Mostly Water and EtOH

By: chambe

chambe — Wed, 04 Aug 2010 19:19:22 +0000

a water aspirator is ideal for low bioling point organics like DCM or EtOAc – but it will never remove water without a significant amount of heating. i figure in the kitchen water is the only solvent you’re really looking to remove. yeeee.

By: Galen

Galen — Fri, 30 Jul 2010 16:12:15 +0000

The traditional is dry ice and acetone. Although with your near limitless supply of liquid nitrogen….

By: schinderhannes

schinderhannes — Fri, 30 Jul 2010 14:12:26 +0000

Dry ice in the cold fingers in plenty sufficient, commercial lyos cool the reciever side to -60 to -70..

4 mbar is prolly borderline but I´d give it a try.
Good luck.

By: davearnold

davearnold — Fri, 30 Jul 2010 13:44:40 +0000

Will try. Do you think dry ice is good enough for the cold finger as well? My pump gets down to 4 mbar.

By: schinderhannes

schinderhannes — Fri, 30 Jul 2010 07:43:11 +0000

Hi Dave,

it really looks like you are darn close to an ghetto lyo with this on.
You have a new and well sealing rota, you have a cold finger chiller, and you have an awesome flask for food stuff. Only thing I don´t know is how good a pump you have, but maybe the following is worth a try:

Take some clarified juice, lime, rasberry whatever. Put like 4-5 ounce into your flask.

Make a dry ice bath (a bowl large enough to put you flask in, filled with chips of dry ice and some booze.)

Rotate by hand your flask in said bath till you have a even thin layer of frozen juice on the inside. (as cold as possible, take your time.)

Put the flask on the rotavap, wrap it with aluminum foil, a layer of insulation (paper towels) and a second layer of aluminum (leave some place to peek inside….)

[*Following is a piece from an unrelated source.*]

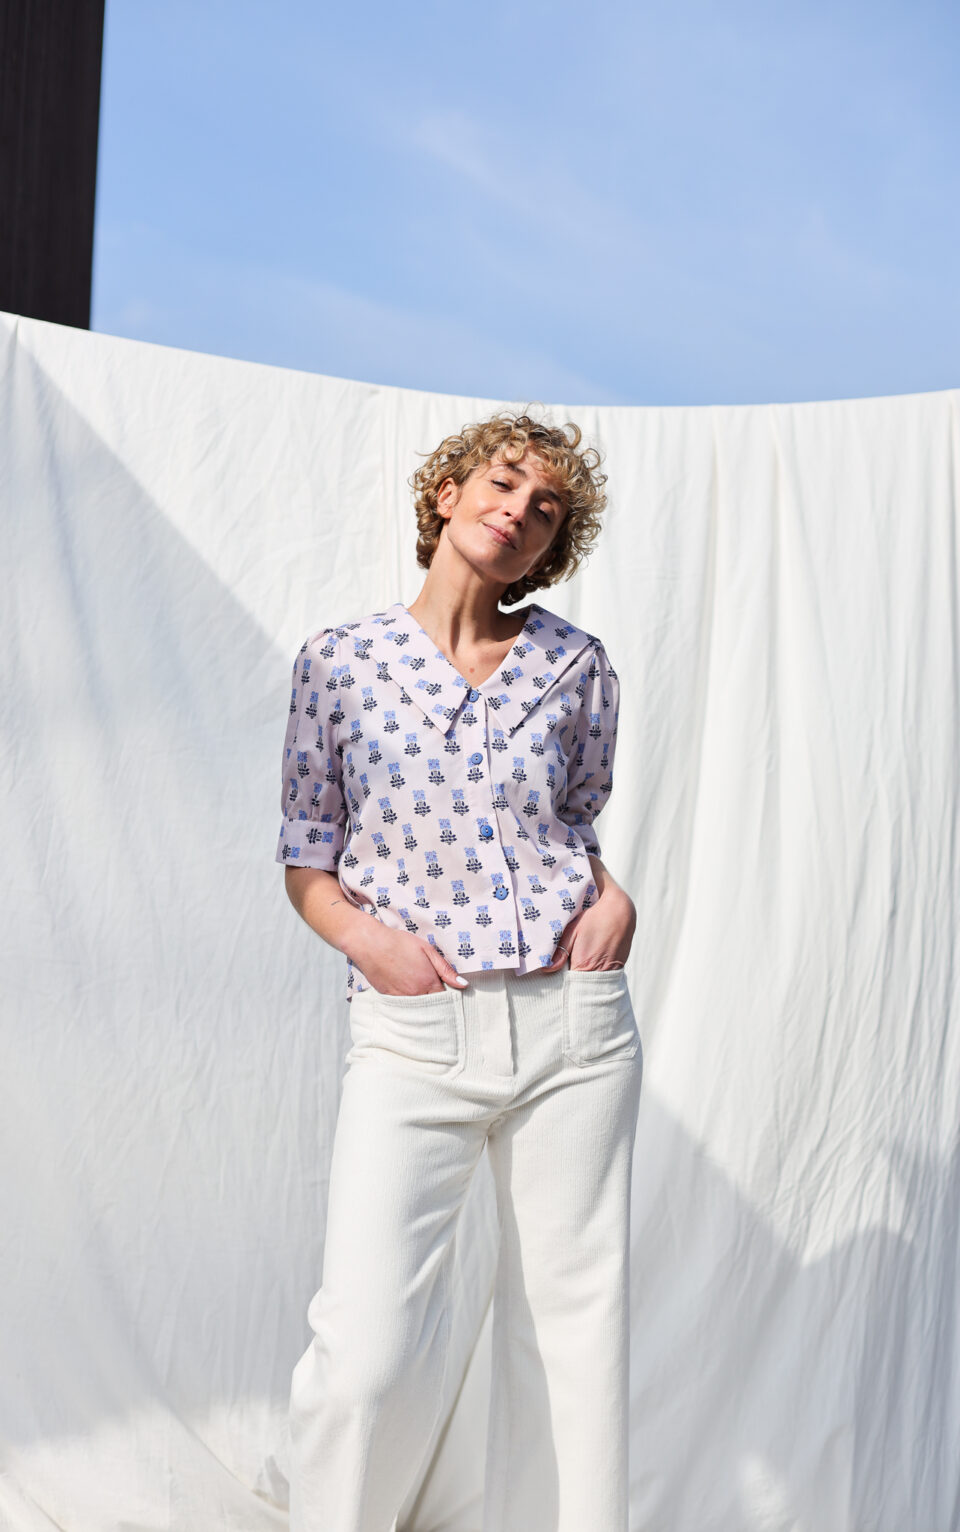 Sailor collar elegant silky cotton blouse HALI | Blouse | Sustainable clothing | OffOn clothing
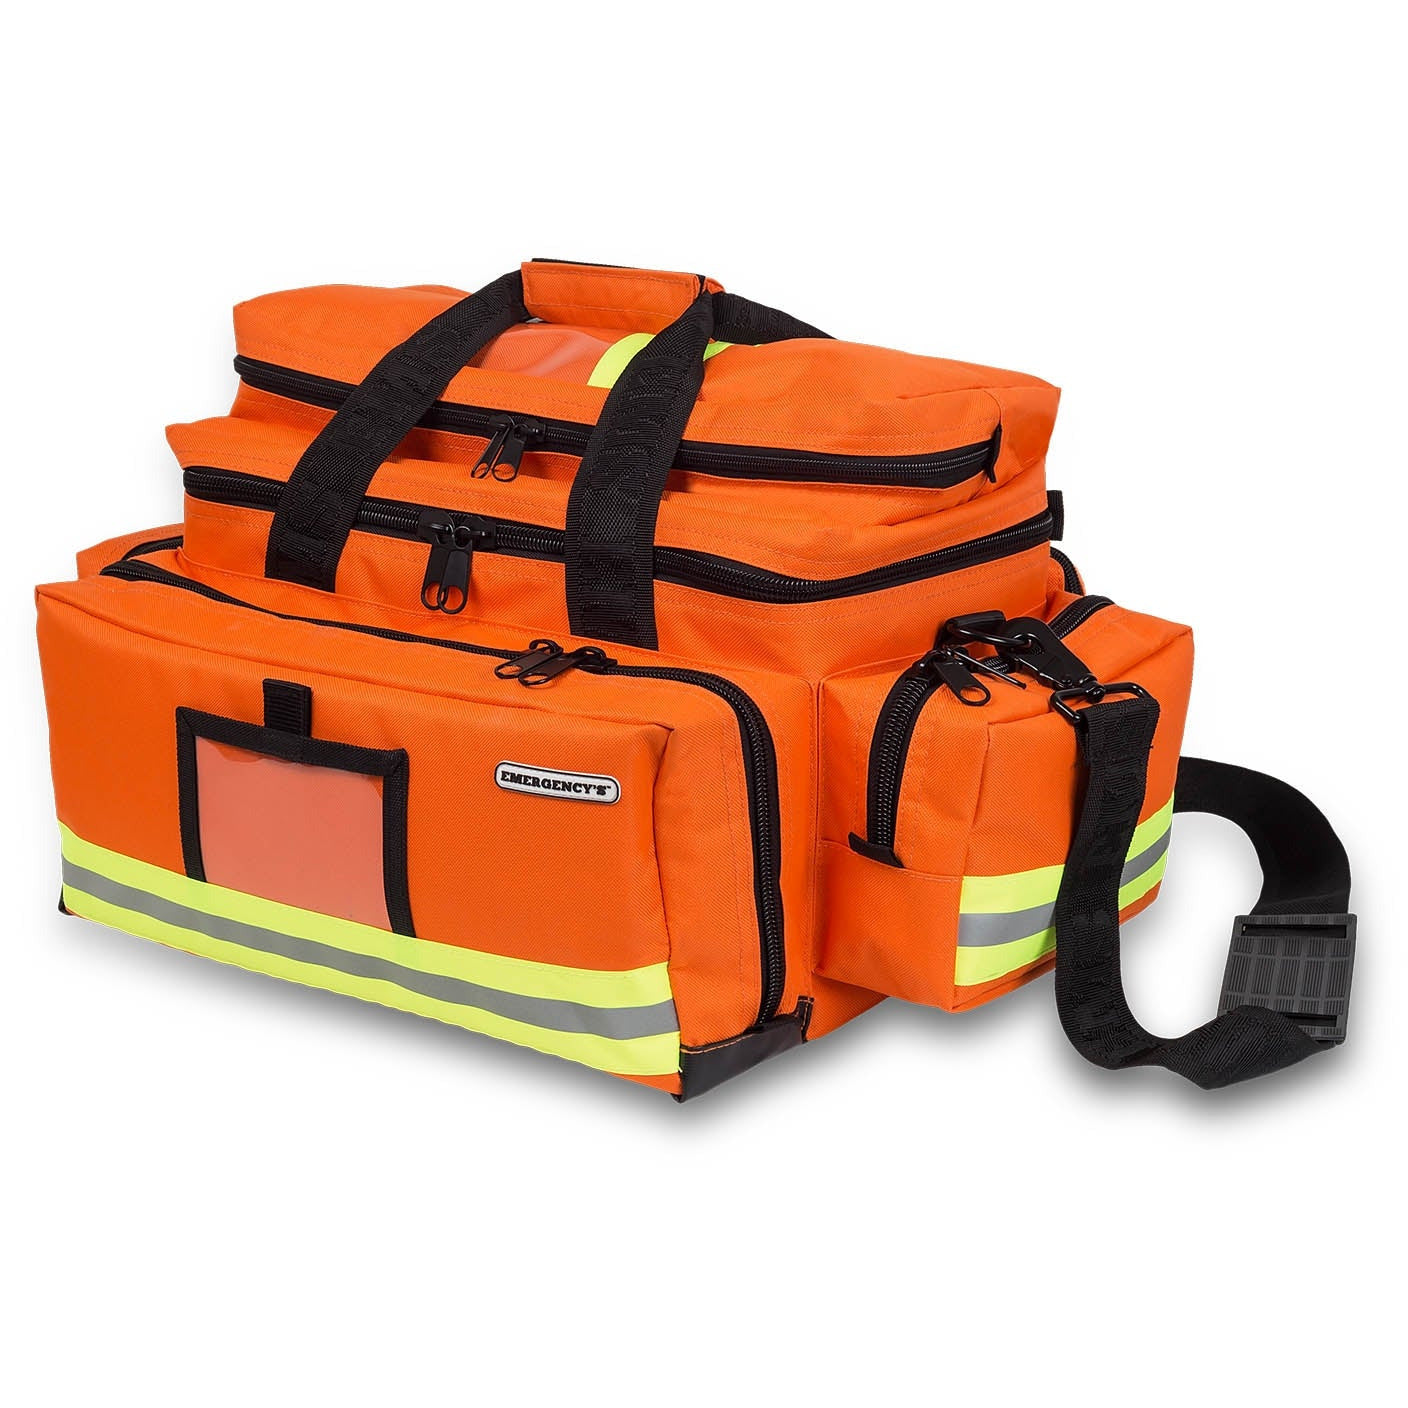 Elite Large Capacity Emergency Bag - Orange

Pull as much vakuum as you can with coldfinger full of LN, as small a collection flask as you have (nothing will go in there anyways), no rotation and of course no waterbath.

See if the chilling by sublimation of the ice is sufficient to keep it frozen as you freeze dry.

Will take several hours….

Good luck!

If you succed you will get a layer of very light fluffy foam tasting like rasberry juice.

Put this as decoration on a nice desert and enjoy!